_Entries shown_
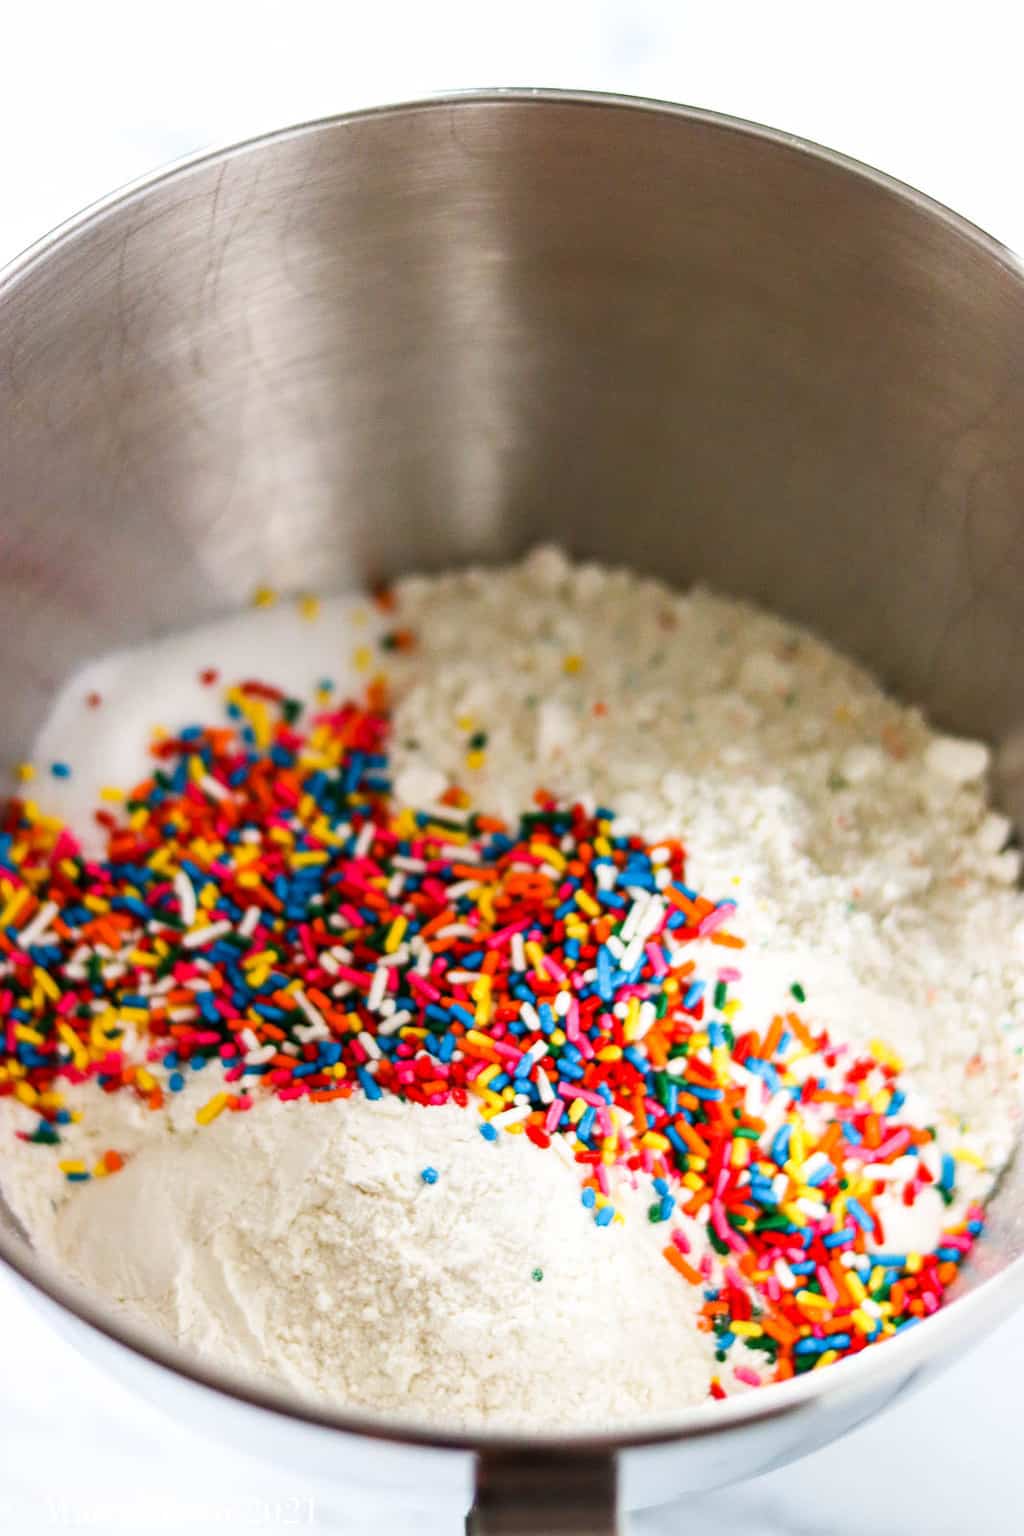 A mixing bowl with confetti cake mix, flour, sugar, and sprinkles
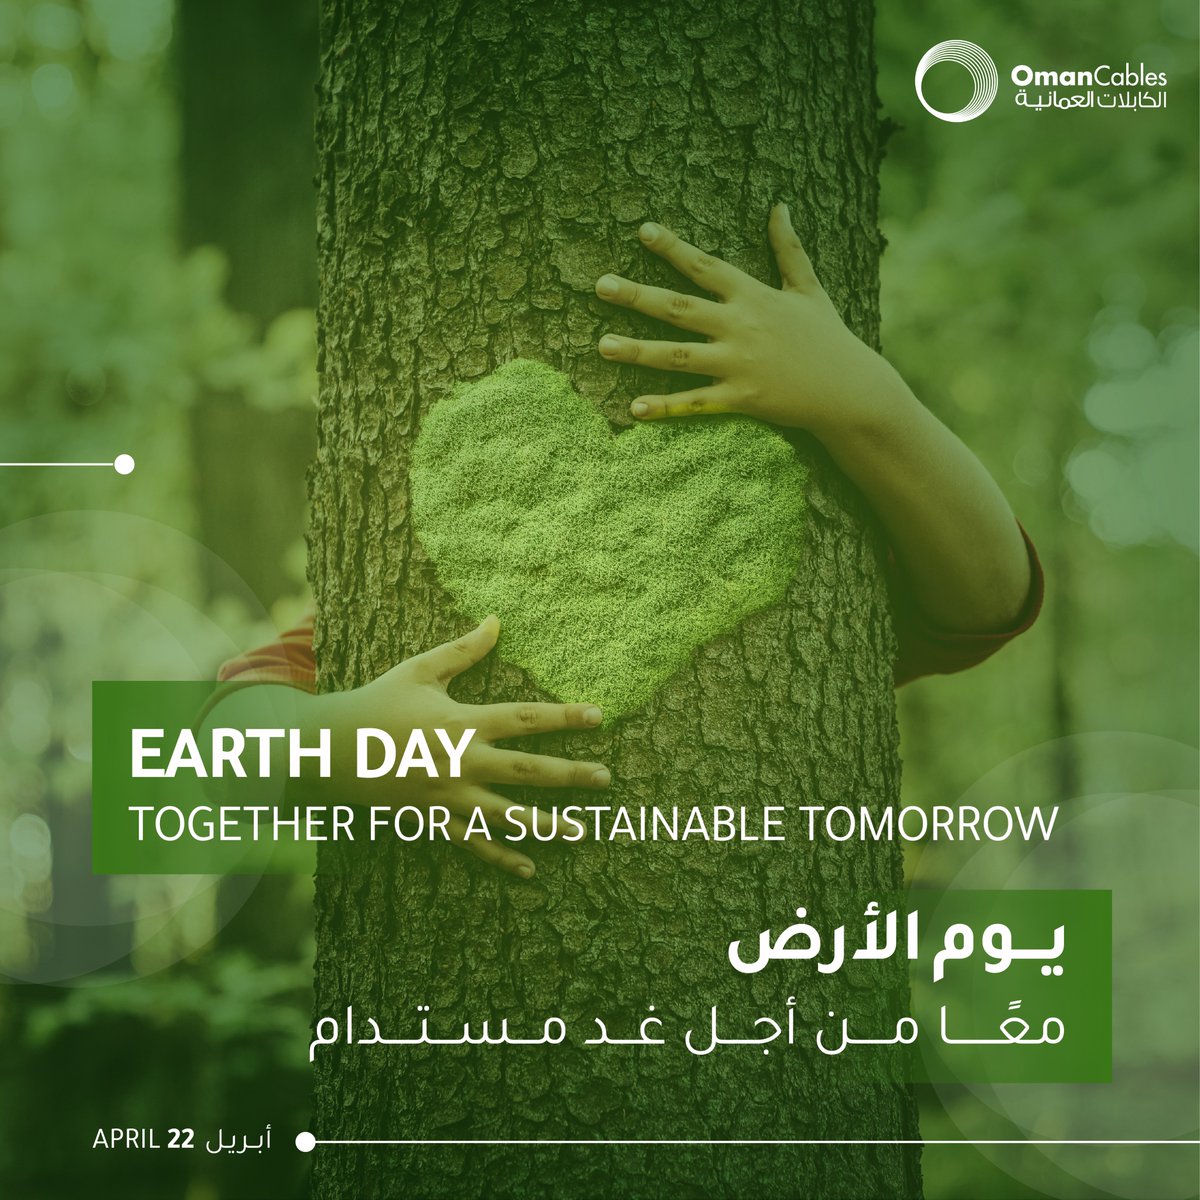 Earth Day is a call to action, urging us to walk gently on our planet and leave a positive footprint for future generations.

Let's make everyday Earth Day. Together, we can build a brighter, more sustainable future.

#Sustainability #Earthday #OCI #ProtectOurHome
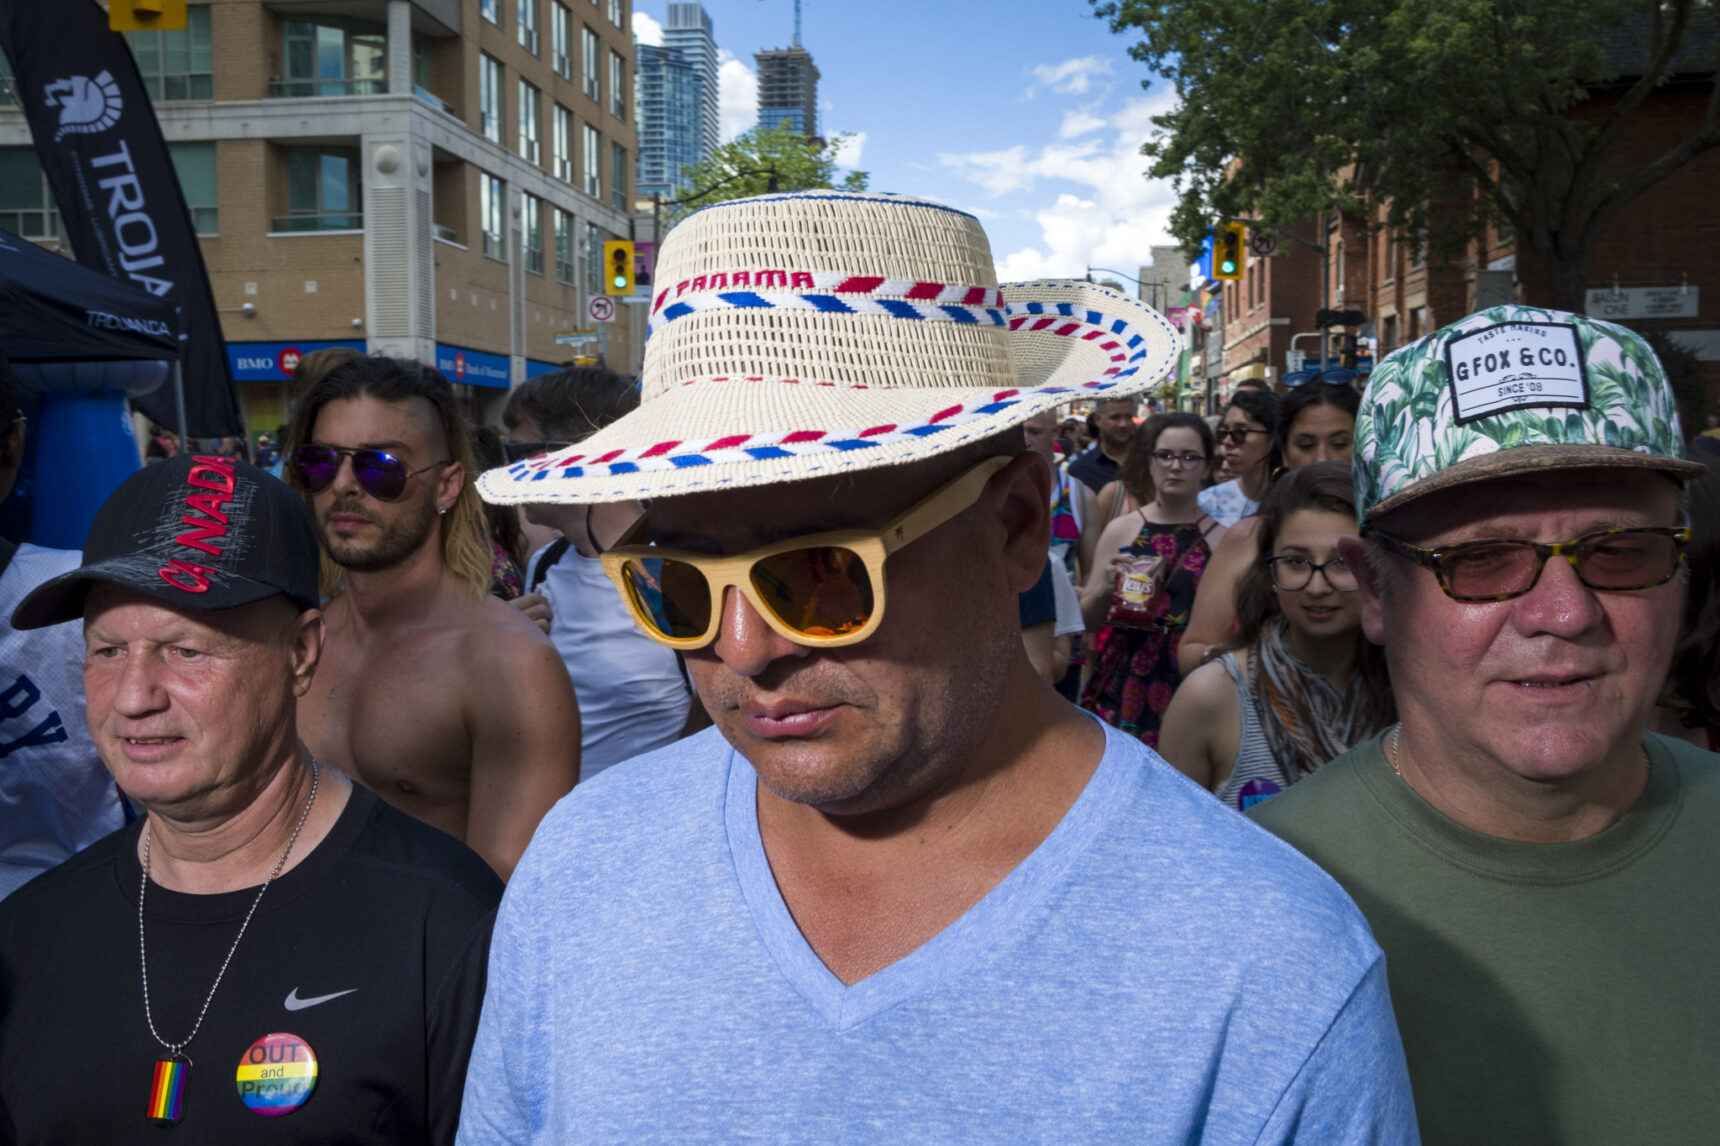 flash street photography - toronto pride - people will look at you

_Problem details_
Repeat each line of the records above exactly, but do not copy the pictures.

_Solution below_
 A mixing bowl with confetti cake mix, flour, sugar, and sprinkles
 Earth Day is a call to action, urging us to walk gently on our planet and leave a positive footprint for future generations.

Let's make everyday Earth Day. Together, we can build a brighter, more sustainable future.

#Sustainability #Earthday #OCI #ProtectOurHome
 flash street photography - toronto pride - people will look at you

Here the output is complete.